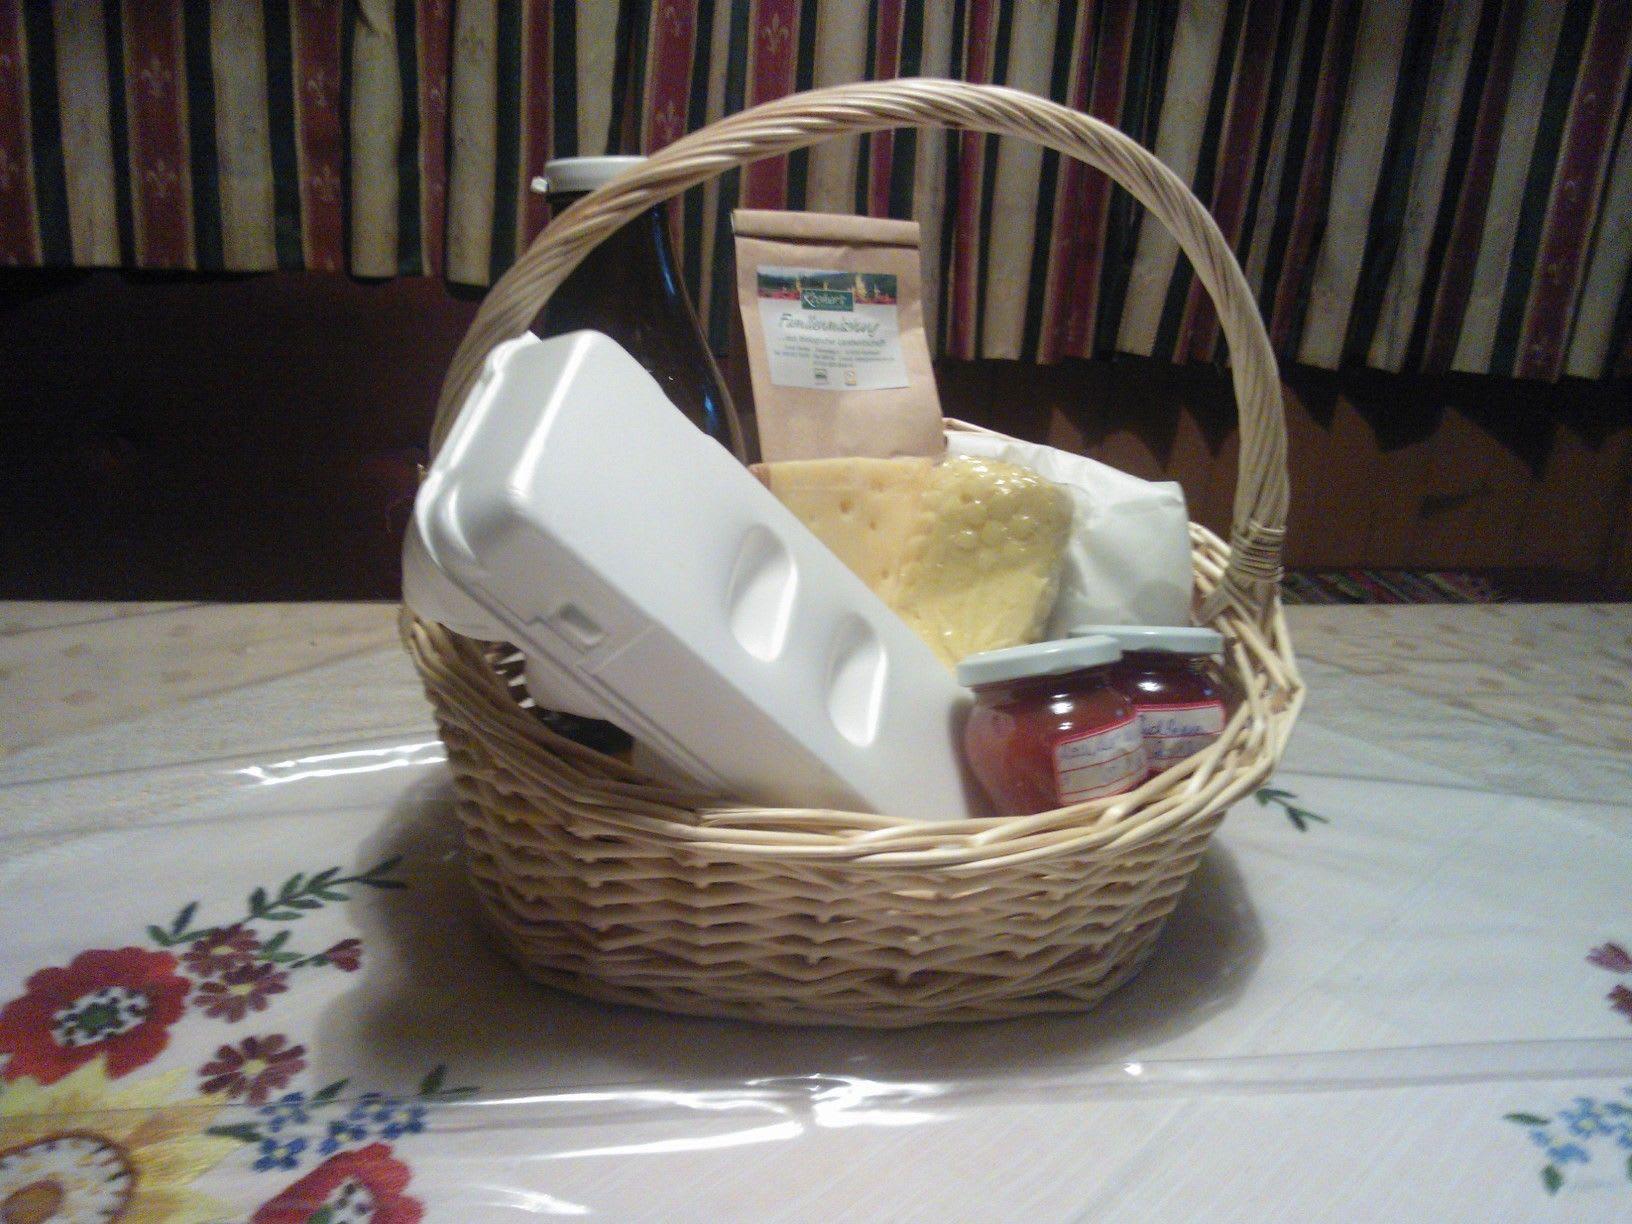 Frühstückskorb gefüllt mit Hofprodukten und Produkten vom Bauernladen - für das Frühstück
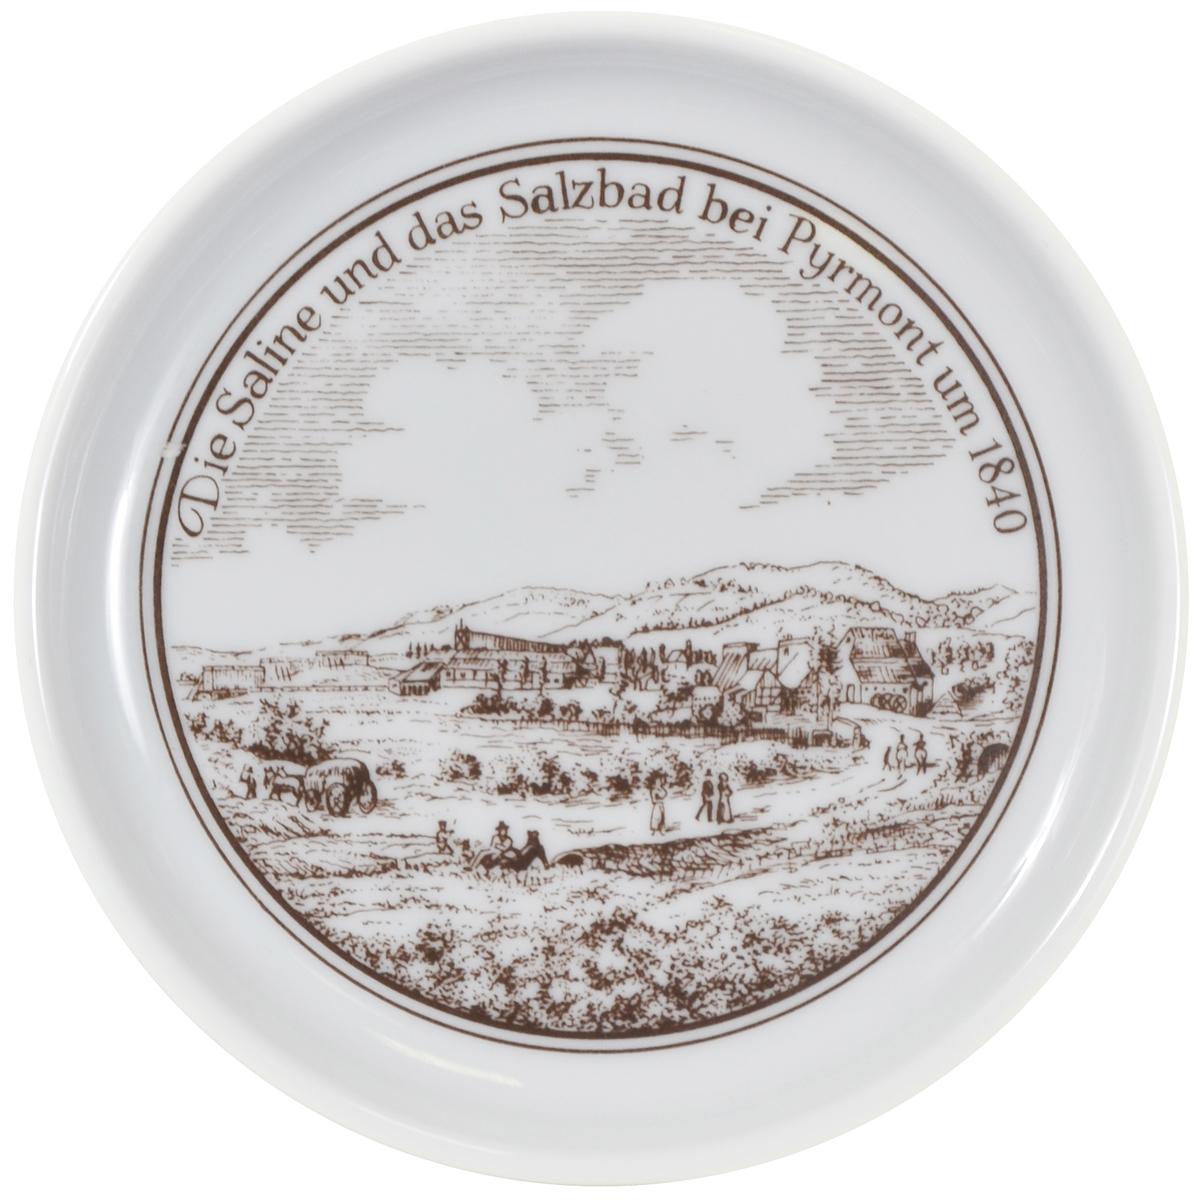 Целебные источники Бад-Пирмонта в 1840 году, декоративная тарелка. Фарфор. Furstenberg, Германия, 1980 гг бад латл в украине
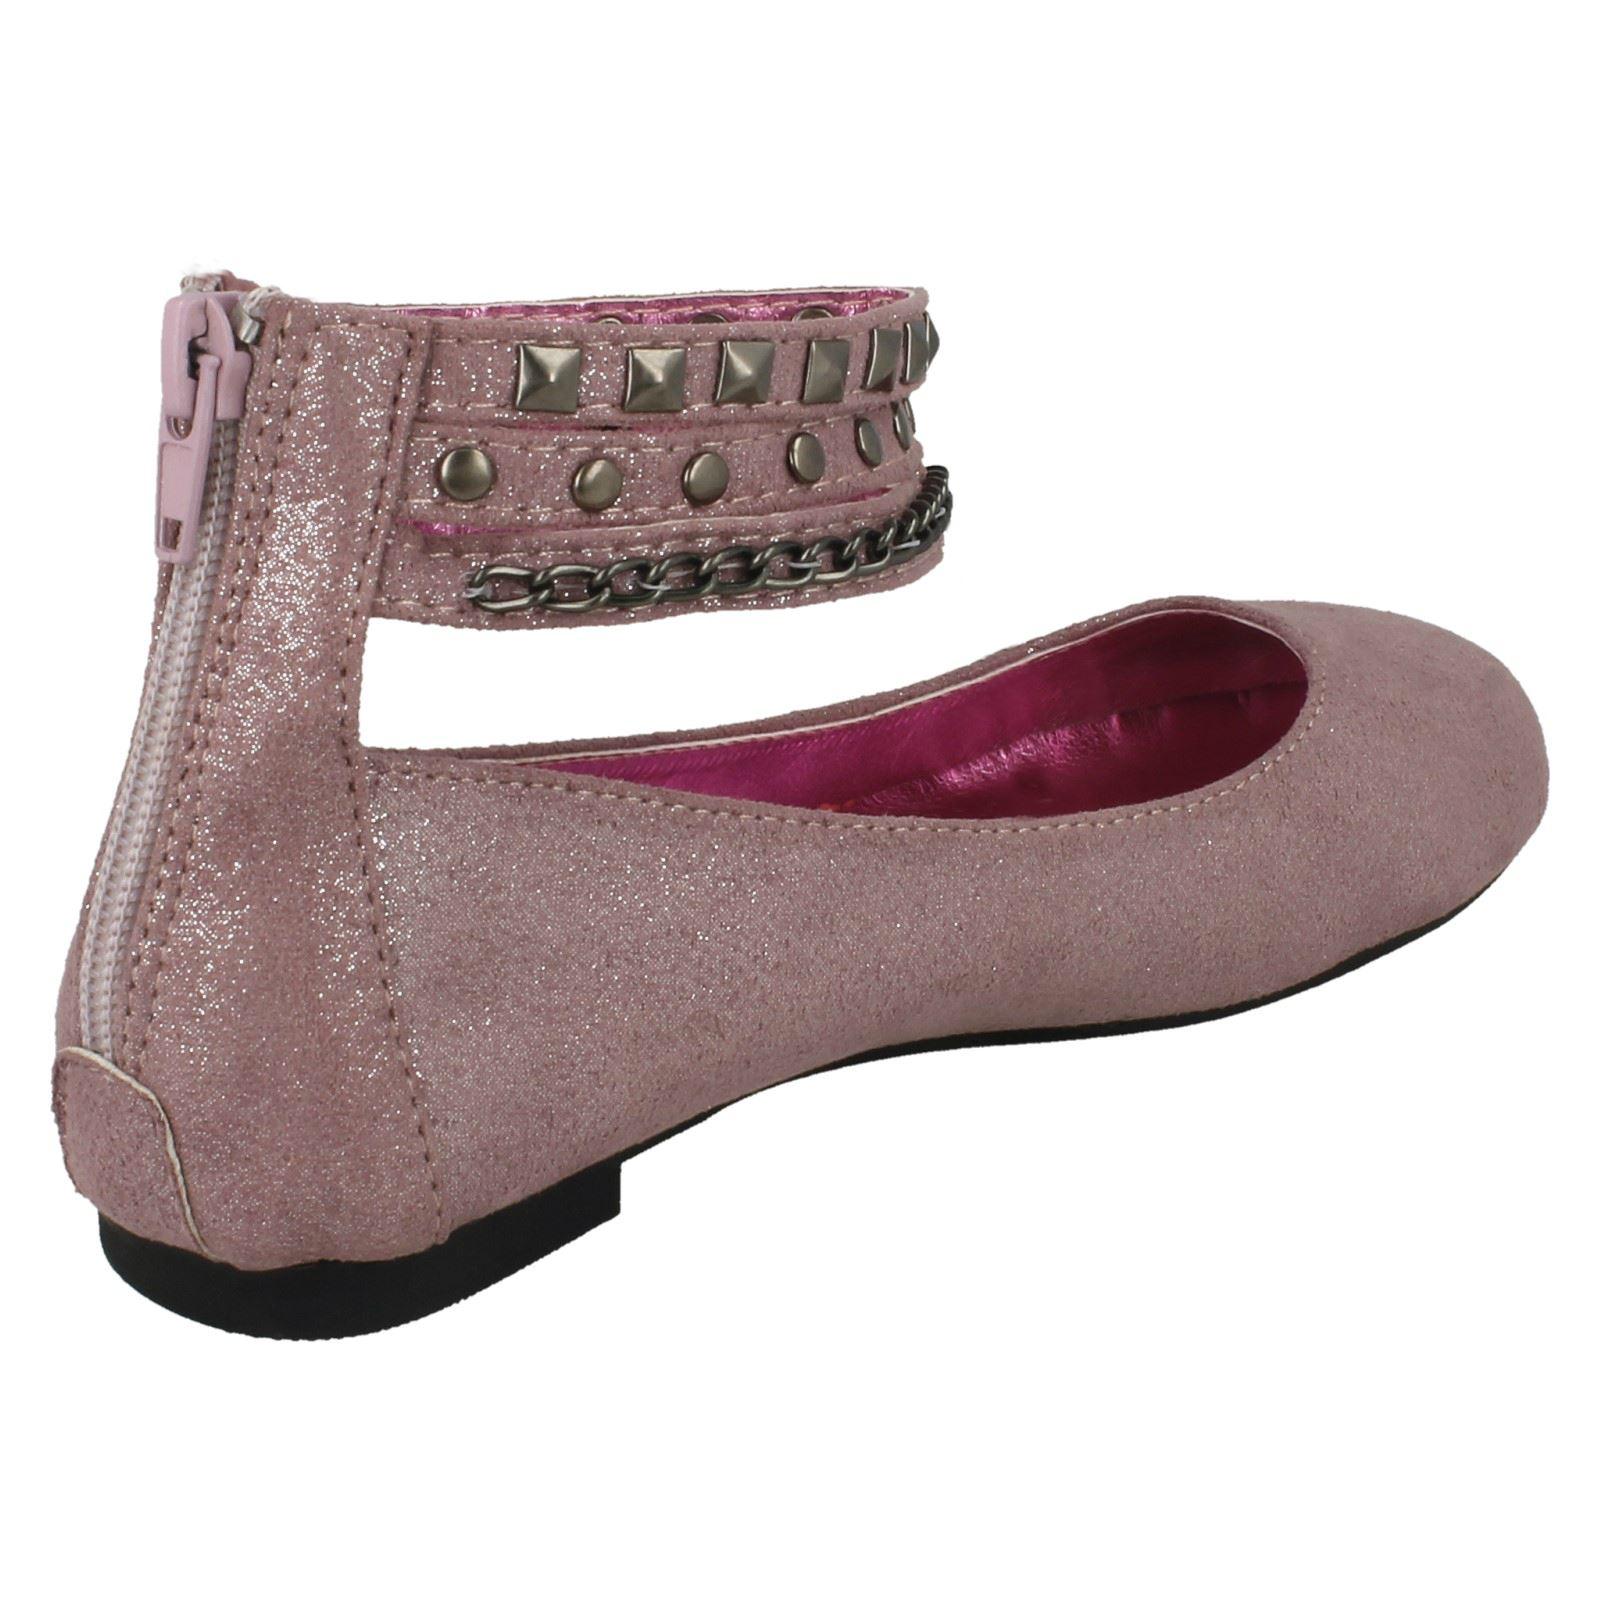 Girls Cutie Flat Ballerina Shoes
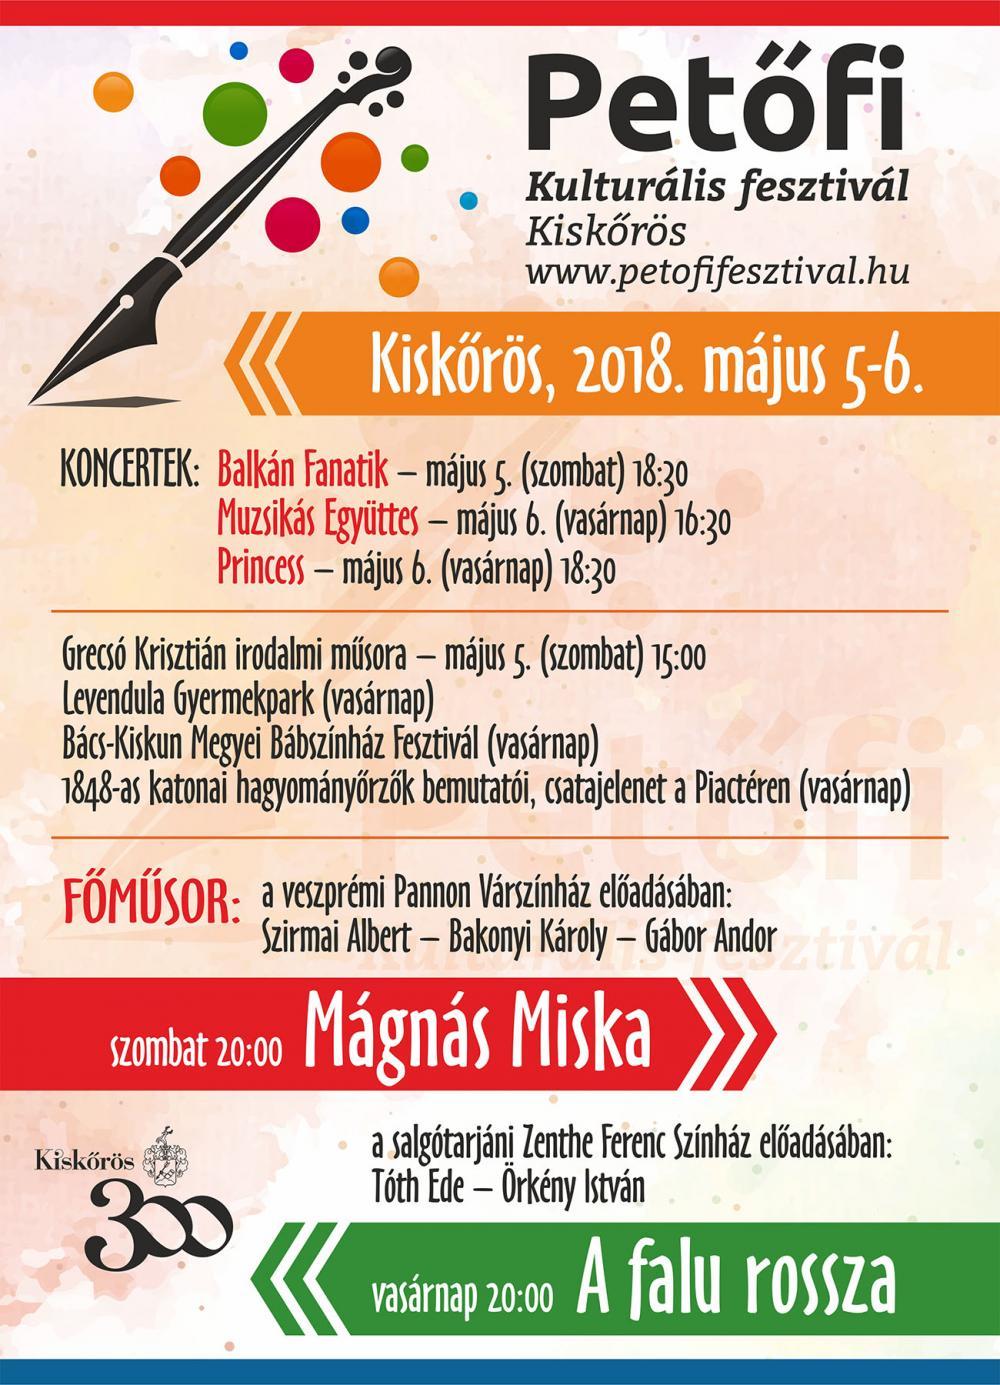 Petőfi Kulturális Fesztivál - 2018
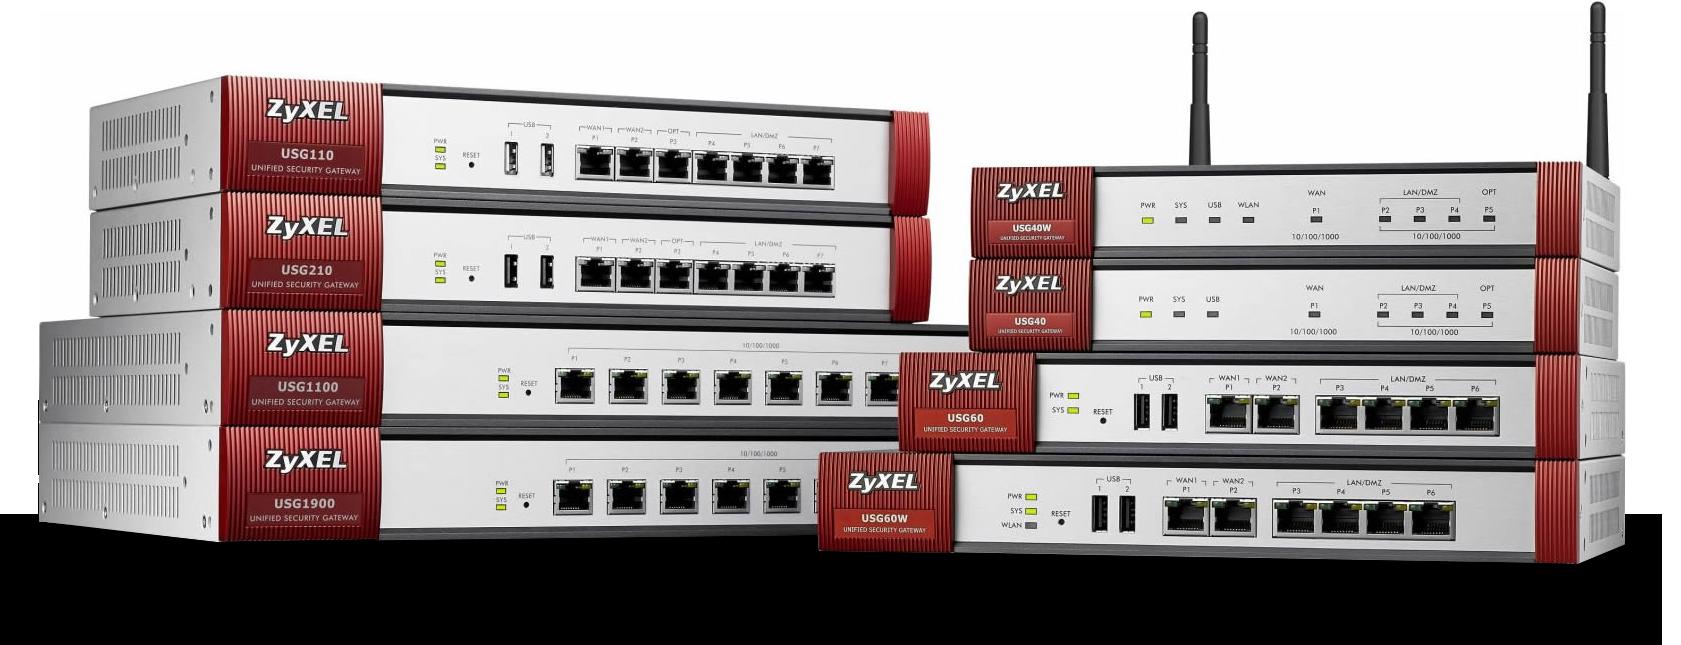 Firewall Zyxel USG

● ● ●

What to work on - Every line from the one bearing "Petőfi Kulturális Fesztivál - 2018" through the end of the data above must be output exactly, and no picture may appear.

Answer below -
 Petőfi Kulturális Fesztivál - 2018
 Firewall Zyxel USG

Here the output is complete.